If you have Medicaid and are interested in getting coverage for a Continuous Glucose Monitor (CGM), follow these steps:

  1. Speak with Your Healthcare Provider: Your doctor will assess your diabetes management needs and determine if a CGM is medically necessary. They will need to submit documentation justifying the use of the device for Medicaid approval.
  2. Get Prior Authorization: Many Medicaid programs require prior authorization before covering CGMs. Your healthcare provider will need to submit a request with supporting medical records showing your need for a CGM.
  3. Work with a Durable Medical Equipment (DME) Provider: CGMs are often provided through a DME supplier, and Medicaid works with specific suppliers for coverage.
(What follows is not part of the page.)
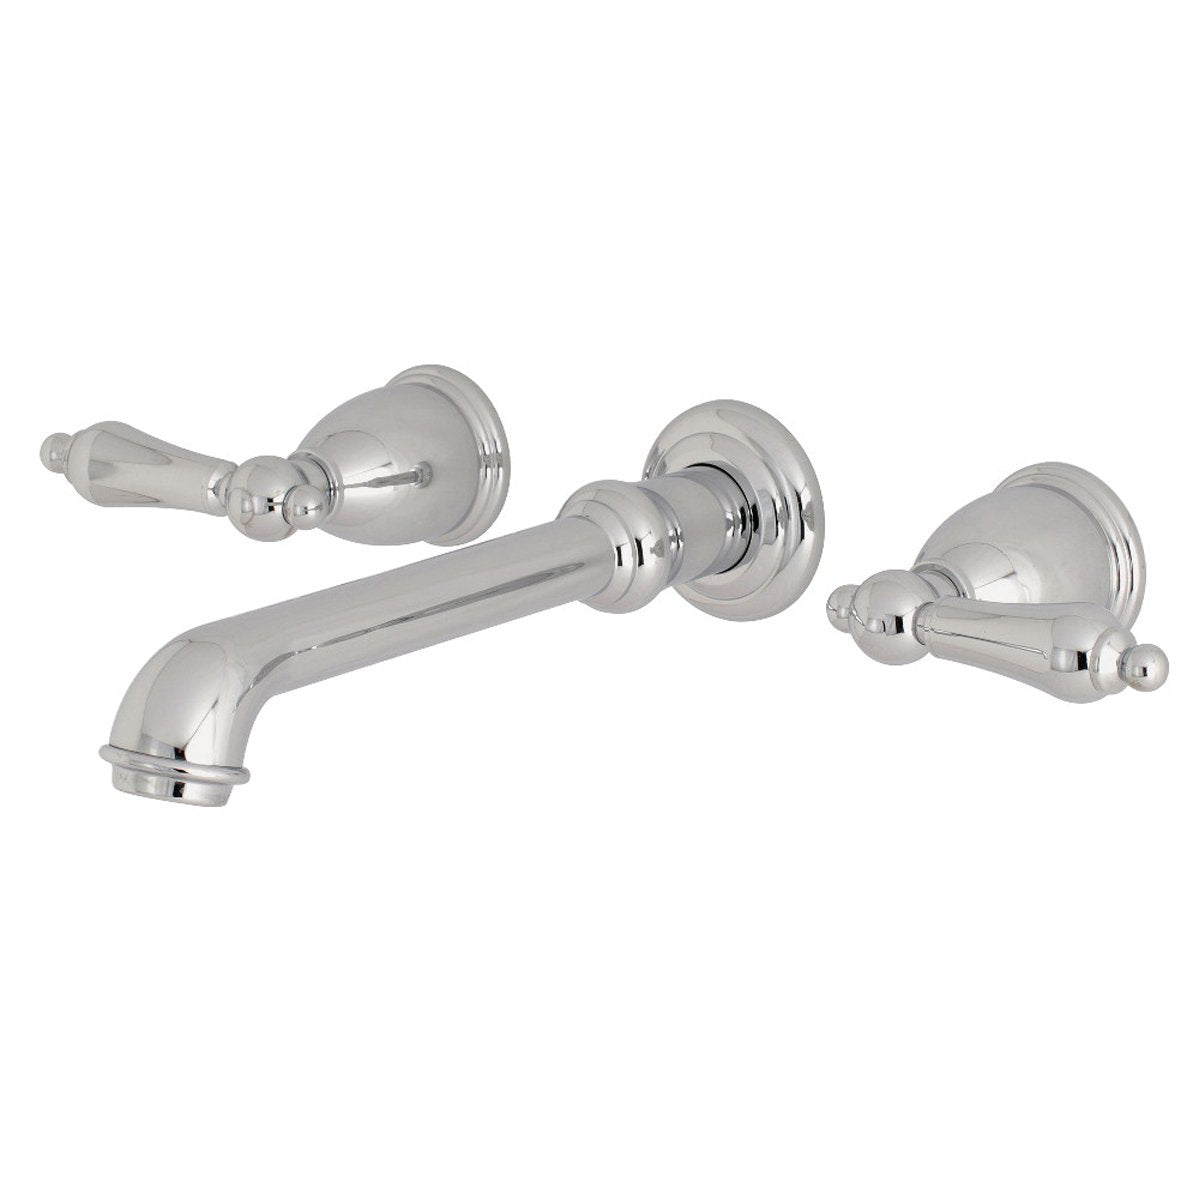 Kingston Brass English Country Wall Mount Bathroom Faucet

Your doctor will work with a Medicaid-approved supplier to ensure you receive the CGM device.
  4. Check Coverage and Out-of-Pocket Costs: Medicaid coverage for CGMs varies by state, and while many states offer full coverage with little to no cost-sharing, some states may require a small co-payment or cost-share for the device or sensors. Be sure to verify coverage details with your Medicaid office or managed care organization.

Benefits of Medicaid CGM Coverage

Medicaid’s coverage for CGMs offers several important benefits for individuals with diabetes, including:

  • Improved Diabetes Management: CGMs provide continuous, real-time glucose readings, helping individuals manage their diabetes more effectively by reducing the frequency of dangerous high or low blood sugar levels.
  • Reduced Risk of Complications: By offering detailed glucose data, CGMs can help reduce the risk of long-term diabetes complications such as cardiovascular disease, kidney failure, and neuropathy.
  • Increased Convenience: Unlike fingerstick tests, CGMs eliminate the need for constant manual glucose checks, offering more convenience and comfort.
  • Better Insights for Healthcare Providers: CGM data gives healthcare providers a more comprehensive view of their patients’ glucose patterns, allowing them to make informed decisions about treatment adjustments and insulin dosages.

How to Apply for Medicaid CGM Coverage

If you believe you qualify for Medicaid coverage of a CGM, follow these steps to apply:

  1. Consult Your Doctor: Begin by talking to your doctor about whether a CGM is the right option for managing your diabetes.
  2. Submit Medical Documentation: Your doctor will submit the necessary medical documentation to Medicaid or your managed care organization.
  3. Receive Prior Authorization: Wait for prior authorization from Medicaid before proceeding with obtaining the CGM.
  4. Acquire the Device: Once authorized, work with a DME supplier to receive your CGM and necessary sensors.

Why You Should Consider a CGM with Medicaid Coverage

For individuals managing diabetes, CGMs provide a valuable tool that offers continuous monitoring of glucose levels, helping prevent dangerous blood sugar fluctuations and providing insights into daily glucose patterns. With Medicaid covering the cost of CGMs in many states, eligible individuals can access this life-changing technology without the financial burden.